未来のために夢を考えるというおまけの話も今将来の夢がはっきりしてない自分にとって刺激的でした。」
・「私は全くカーボンについて走りませんでした。しかし思った以上に身近にカーボンは使われていて驚きました。また島野さんが夢に向かってつき進んでいるのをみて夢を持ってるってすごいことだと感じました」
・「カーボンは鉄の10倍も強いなんて初めて知りました!環境に良いカーボン開発に期待します」
・「CFRP→プラスチックと髪の毛より細いカーボンで強化してる。プラ+カーボンの糸→最強!?軽くて強い、血の10倍=鉄の10分の1の重さで強度を再現できる。しかし、制作費が高い。メッセージ:人生は楽しんだもん勝ち!!!まずは知る! →理解する→楽しむ 知識→知恵に変えよう。夢を見る→夢中になれる!」
・「全く未知の領域だったので、興味深く聞けました。あまり詳しい科学的な話をしておられなかったので、身近に感じられわかりやすかったです。単にカーボンと言っても、繊維の方向など違いがあることがわかりました。質問にも全部丁寧に答えてくださっていたので、そこから知識をさらに深めることができました。ありがとうございました。」
・「「カーボン」という言葉自体は「カーボンニュートラル」「カーボン紙」などでよく聞いていましたが、その実態が炭素の紐だったとは知らなかったので驚いた」
質疑応答では、生徒の皆さんからのものすごい質問の量で、ほんとうにびっくりしました。とても積極的な参加をしておられ、学びプロジェクトでの参加が、ミニ学会の雰囲気になってきています!
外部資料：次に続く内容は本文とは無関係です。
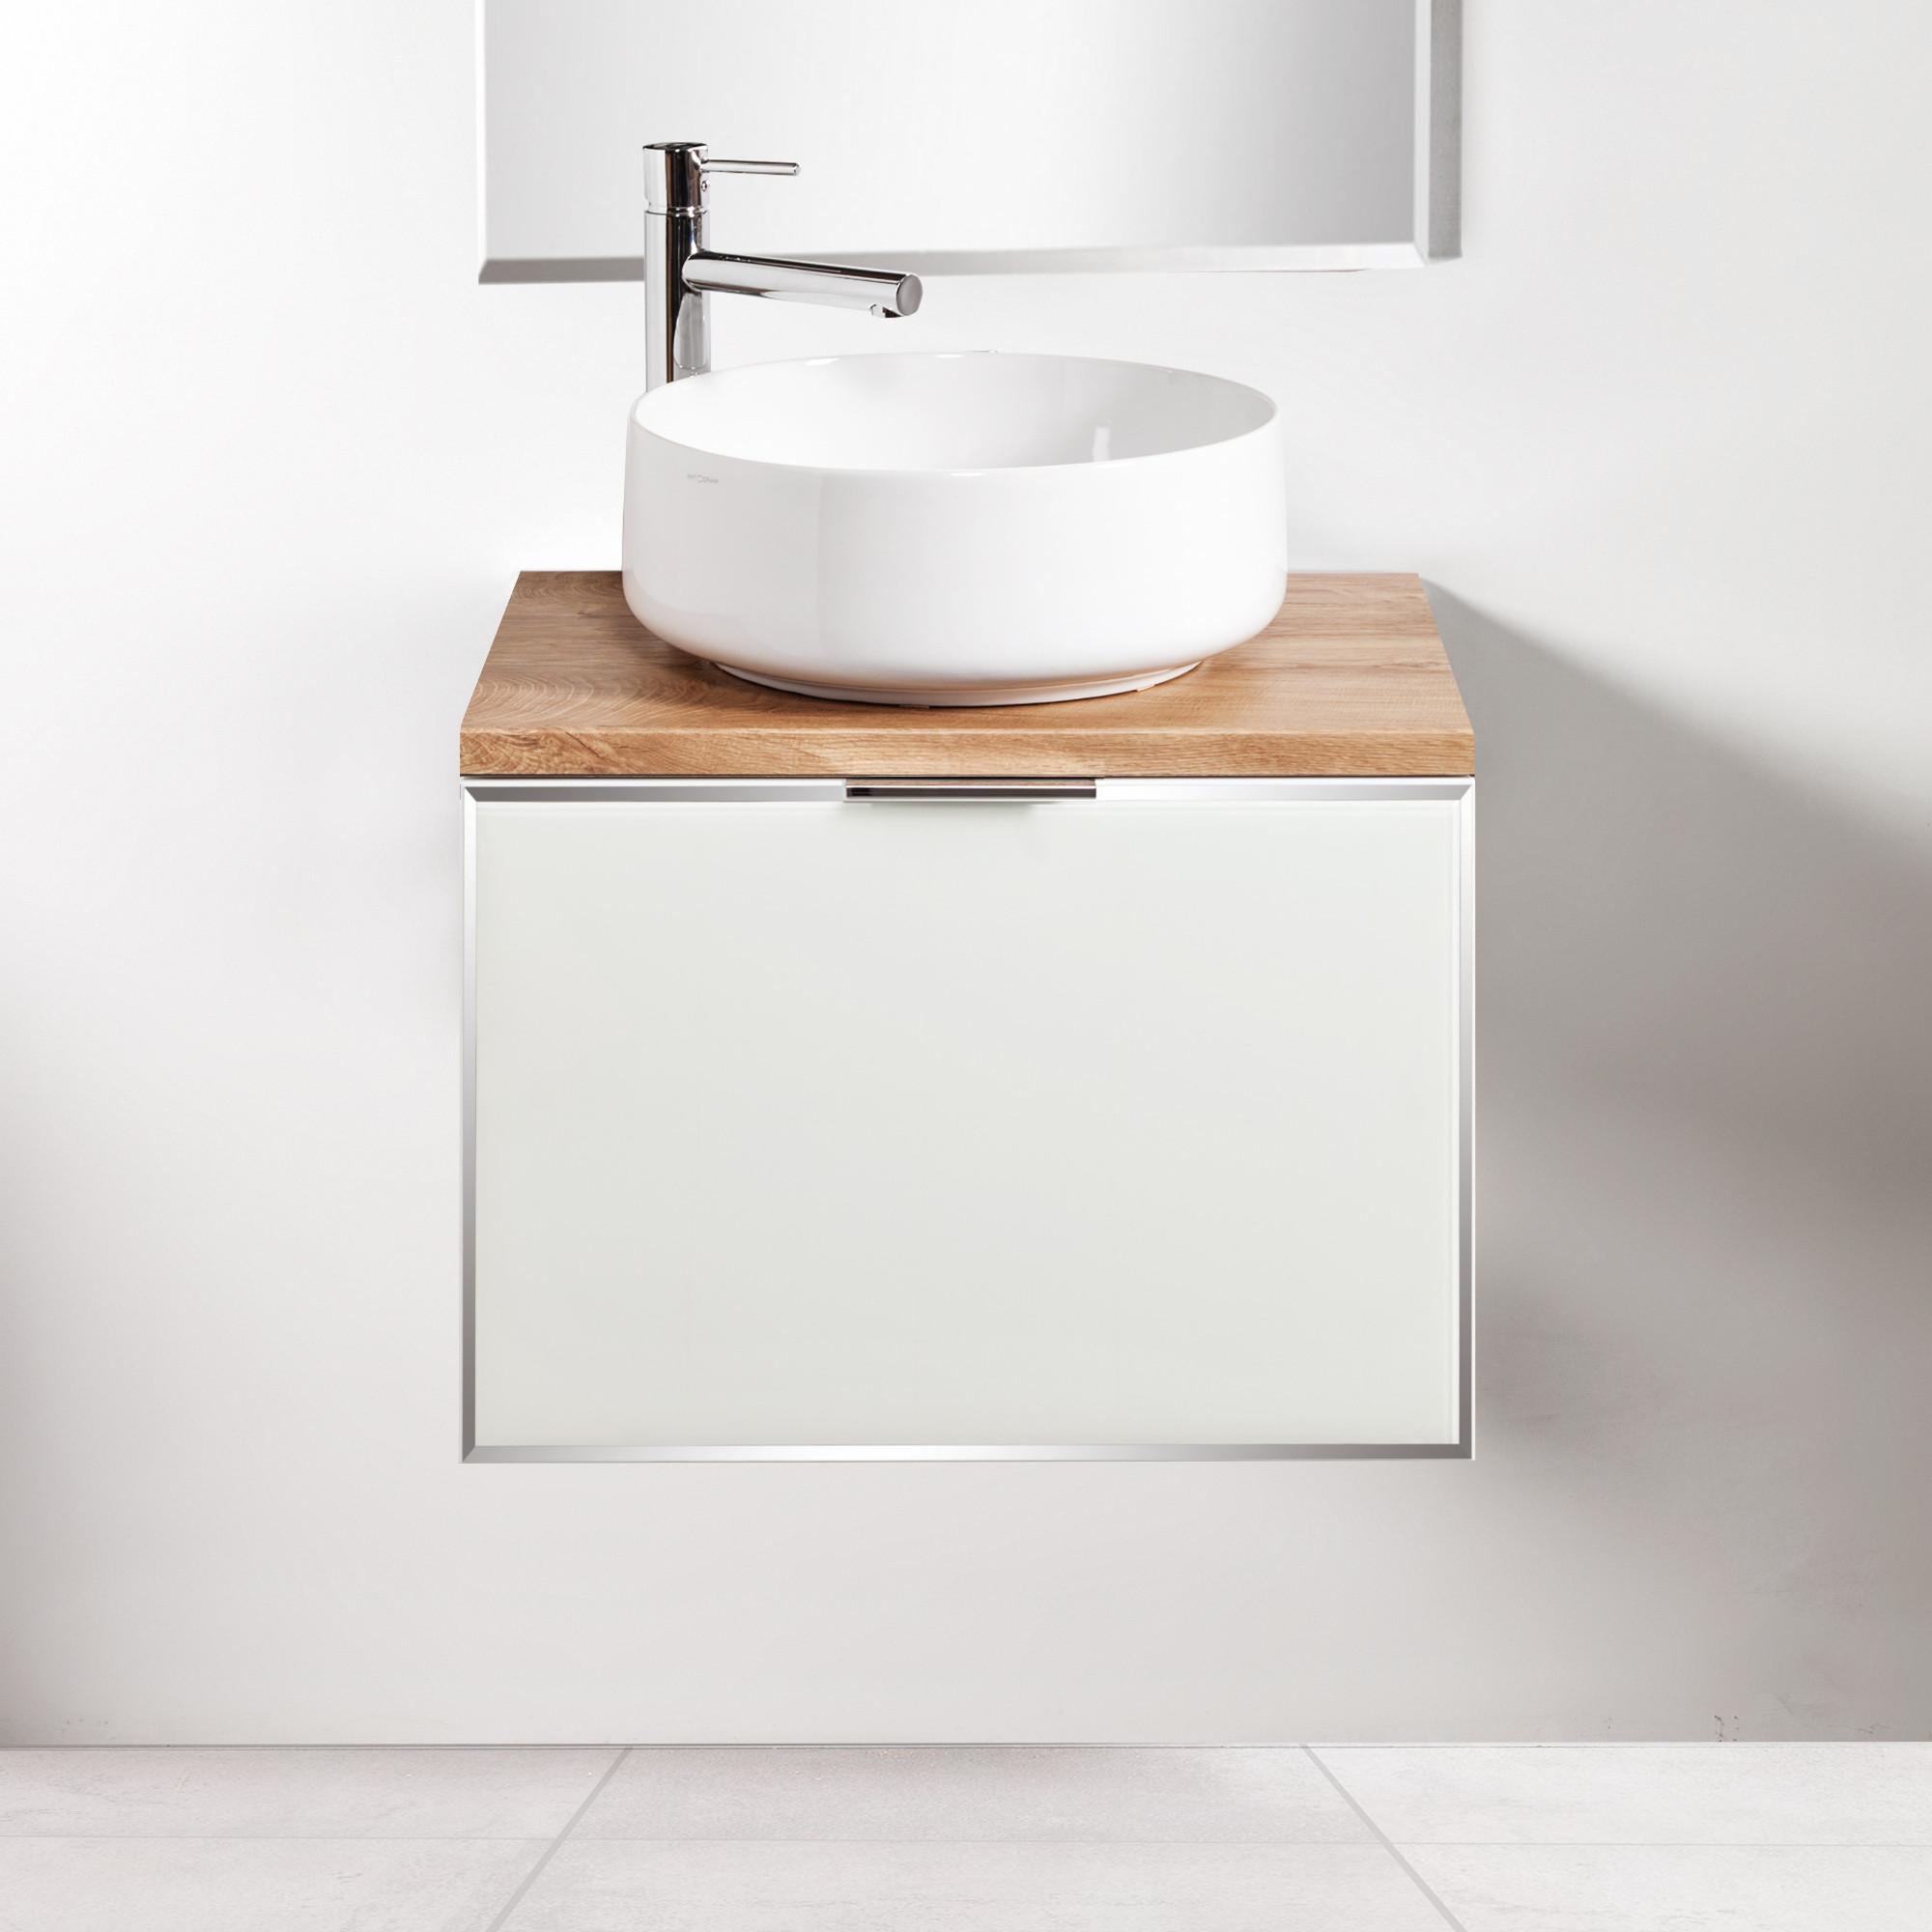 Szafka łazienkowa Sanitti Delta 60 cm kolor frontu biały z blatem dąb classic i umywalką Art-42

おまけコーナーでは、島田先生から研究生活についての質問もありました。「どうやったら勉強が楽しいと思えるようになるんですか?」という質問もありましたが、島野先生は「勉強は耐えて我慢するものって言う人いるけど、それ間違いね。勉強とか研究とか学ぶことって本質的に楽しいものだから。楽しくないのは、まだ気づいてないだけなんだよね。僕の場合は、運良かったかもしれないけど中学時代の先生が学ぶことの楽しさとか教えてくれたということもあるかもしれない。。今、こうやって先生やってるのは、それを伝えるためだとおもってる。教員として中学の授業をさせてもらえてるってことは、貴重なみんなの中学時代に関わらせてもらえてるわけで、教える内容は授業としては大事かもしれないけど、もしかしたら”研究とか学んで何かにチャレンジしていくってむっちゃエネルギーが湧いてくることなんだよ”ってことを伝えることの方が大事かもしれないっとも思っている。そういうお話したいんだったら、昼休みとかいくらでも答えるから、質問に来て!研究や学びの面白さをつたえるのは、僕の時代の先生たちへの恩返しっていう意味もあるし、次の世代へのバトンだって思ってるから!」と、さらっと答えていらっしゃいました。研究内容とは別に、教員キャリアとして一番大切なマインドみたいなものを教えていただきました。すばらしく感動し、自分を反省する機会を与えていただきました。(沼田)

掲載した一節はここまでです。